In this module, you will learn how these ordered phases are described through broken symmetries, which helps in understanding their properties and phase transitions. You will study various mean-field approaches used to analyse these phases. Finally, you will explore how moving beyond the mean-field approach reveals the emergence of universal critical behaviour.

This module introduces you to the physics and applications of Semiconductors. Semiconductors are key materials of the current Information Age. They enabled most of the devices and technologies we use everyday, such as computers, internet, mobile phones. Semiconductors help us to mitigate global warming, data theft, end of the Moore’s law and other global challenges.
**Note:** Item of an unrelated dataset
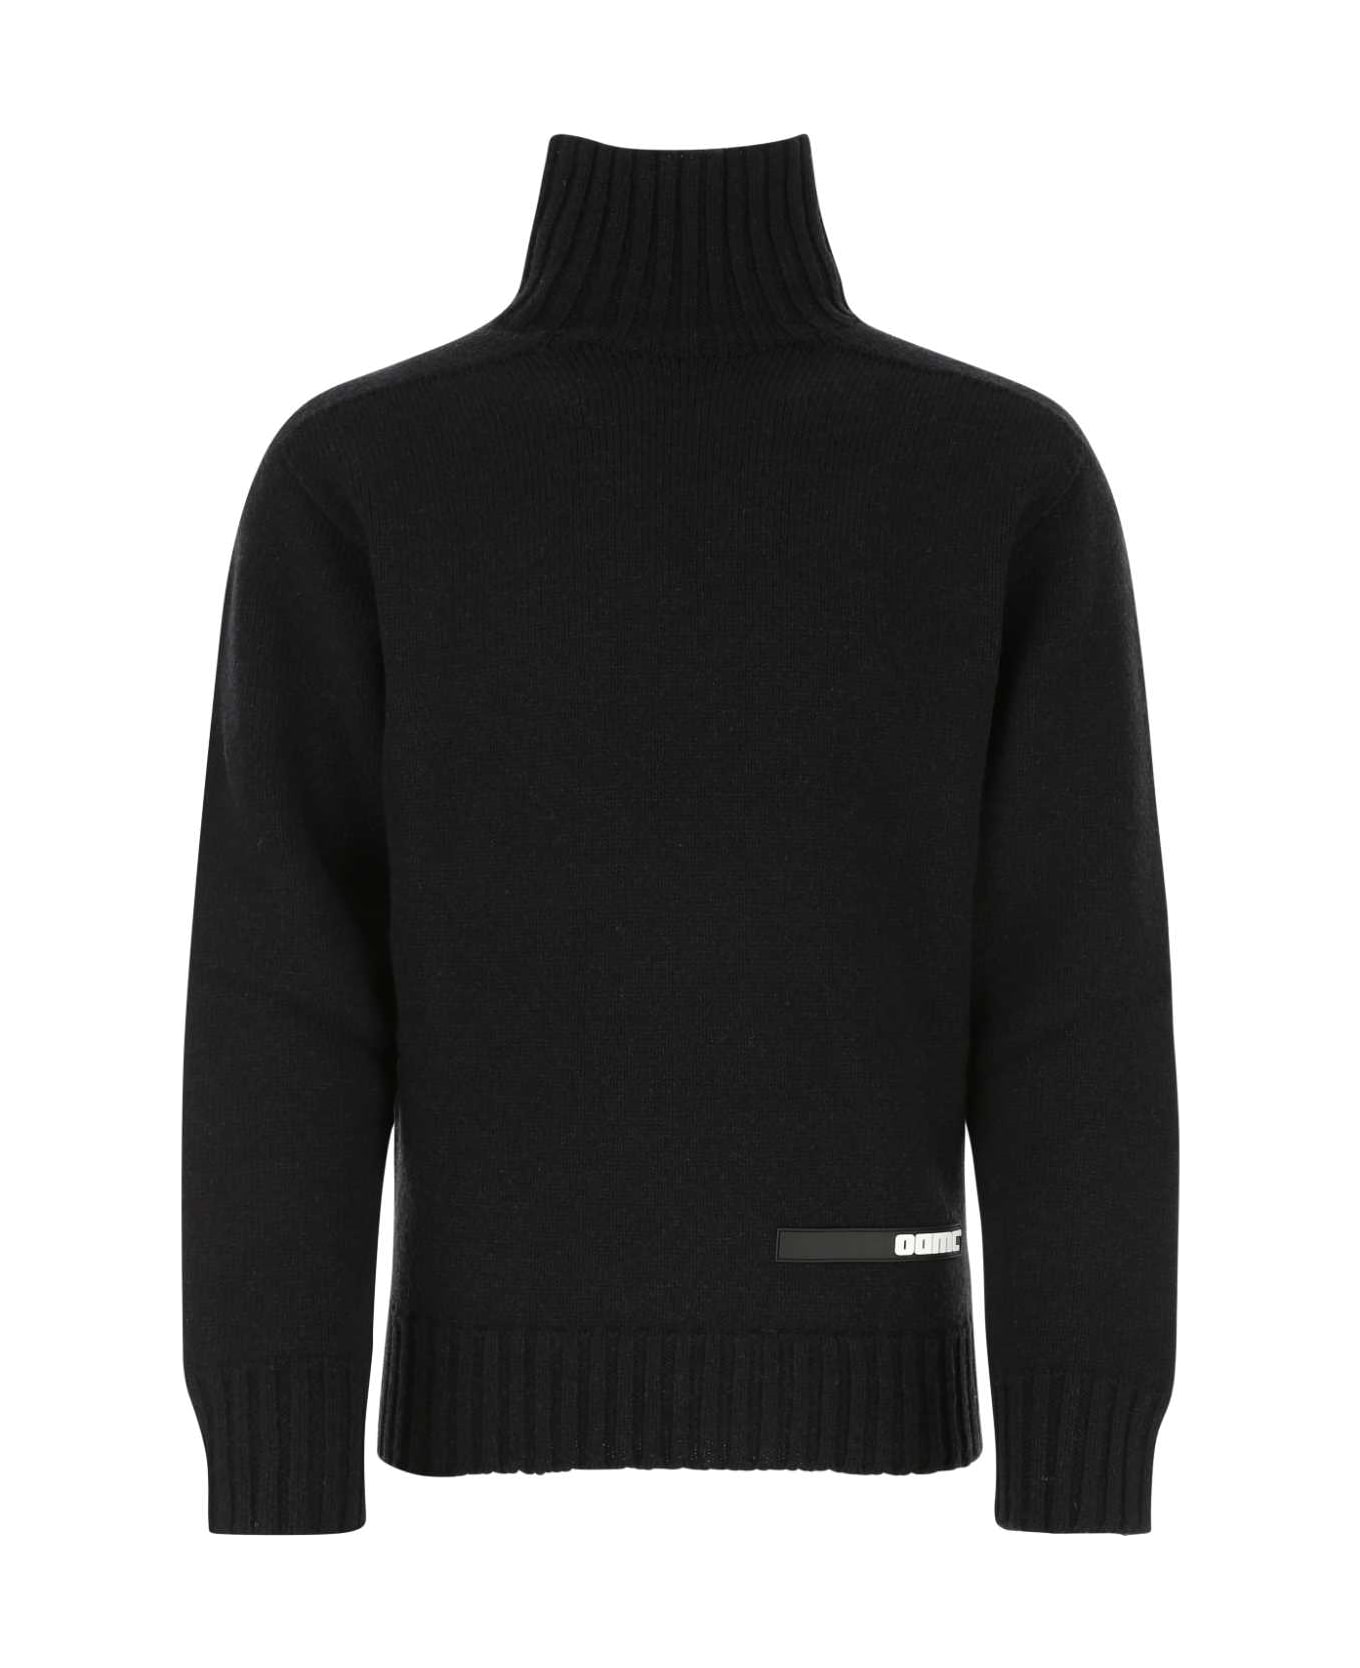 OAMC Black Wool Sweater - 001 ニットウェア

This module includes detailed overview of the Semiconductors past, present and future, and provides skills and knowledge essential for a future Semiconductor researcher or engineer.

You’ll study:

• Physics and applications of conventional semiconductor materials and devices, for example p-n diodes and field-effect transistors
• Physics and applications of novel semiconductor materials, quantum materials, nanostructures, low dimensional materials, such as graphene and quantum dots
• Current and future semiconductor challenges and technologies, such as efficient solar cells, ultrasensitive phone cameras and quantum computers.

The course introduces and explores methods, concepts and paradigm models for classical and quantum mechanical dynamics. The course explores how classical concepts enter quantum mechanics, and how they can be used to find approximate semiclassical solutions.

In classical dynamics we discuss full integrability and basic notions of chaos in the framework of Hamiltonian systems, together with advanced methods like canonical transformations, generating functions and Hamiltonian-Jacobi theory.

In quantum mechanics we recall Schrödinger’s equation and introduce the semiclassical approximation. We derive the Bohr-Sommerfeld quantization conditions based on a WKB-approach to the eigenstates. We will discuss some quantum signatures of classical chaos and relate them to predictions of random-matrix theory.

We will also introduce Gaussian states and coherent states and discuss their semiclassical dynamics and how it is related to the corresponding classical dynamics.  An elementary introduction to complete descriptions of quantum mechanics in terms of functions on the classical phase space will be given.